Translation of National Intelligence Director’s 193-word statement about PRISM - kfury
http://kfury.com/translation-of-national-intelligence-directors-193word-statement-about-prism

======
ollysb
They're trying to change the conversation to be about the leak rather than
their activities. At this point people should be discussing what can be done
to restore the checks and balances that prevented this kind of abuse. America
needs to send a strong message to it's leaders that it does not consider
itself at "war" and it's well past time to remove any temporary measures that
were justified on the back of 911.

------
mtgx
"Section 702 was recently reauthorized by Congress after extensive hearings
and debate."

Well that's a huge lie right there. I watched the FISA renewal on C-SPAN live,
and Dianne Feinstein was trying to take down any criticism of the FISA and
rush the vote through with every occasion she got, "because terrorists" and
"we need it now".

They let Rand Paul, Ron Wyden, Udall, and one or two others speak for a few
minutes each, but then they voted to pass FISA 92-7. It made me so angry.

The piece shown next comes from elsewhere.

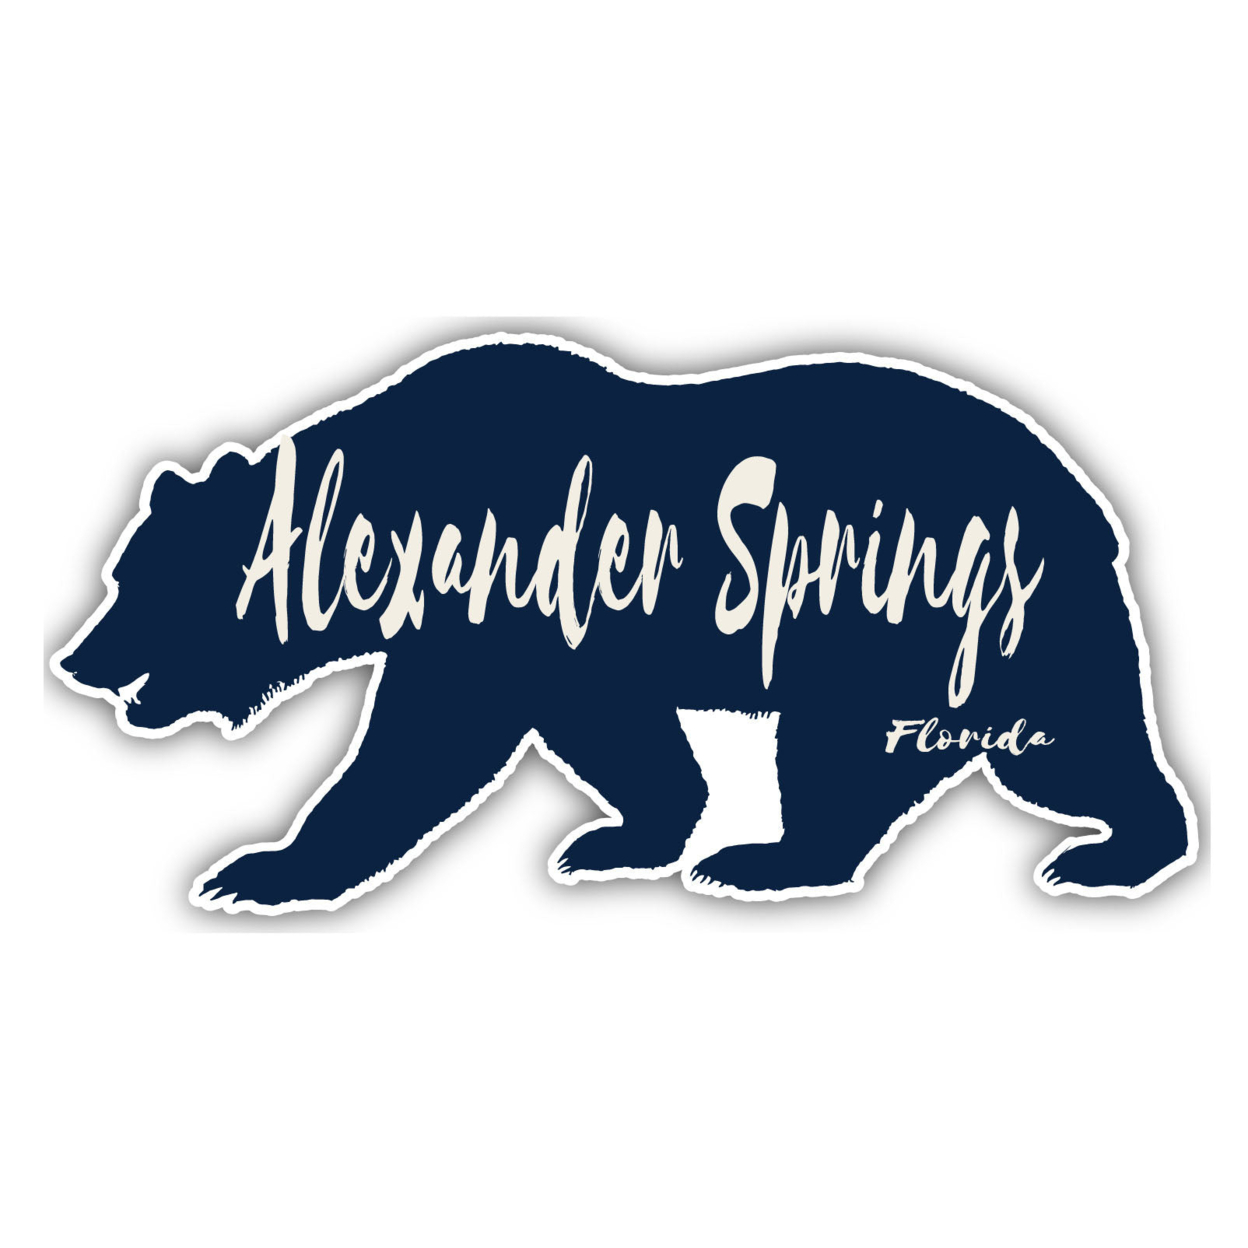 Alexander Springs Florida Souvenir Decorative Stickers (Choose Theme And Size) - Single Unit, 12-Inch, Camp Life

Not to mention they did it on December 20th, just before Christmas, when
nobody listens to politics anymore. They tried that with SOPA, too, a year
before. They always seem to do this with the worst of the worst laws, that
they know the public would be outraged if they listened a bit more carefully
to what they are about. But then they have the nerve to say that "everyone
knew about it, and nobody complained so far".

------
jbgreer
Is anyone else disappointed he didn't manage to work in "I am high as a kite."
in the translation?

Background: the mother of all translations:

[
[http://daringfireball.net/2007/02/macrovision_translation](http://daringfireball.net/2007/02/macrovision_translation)
]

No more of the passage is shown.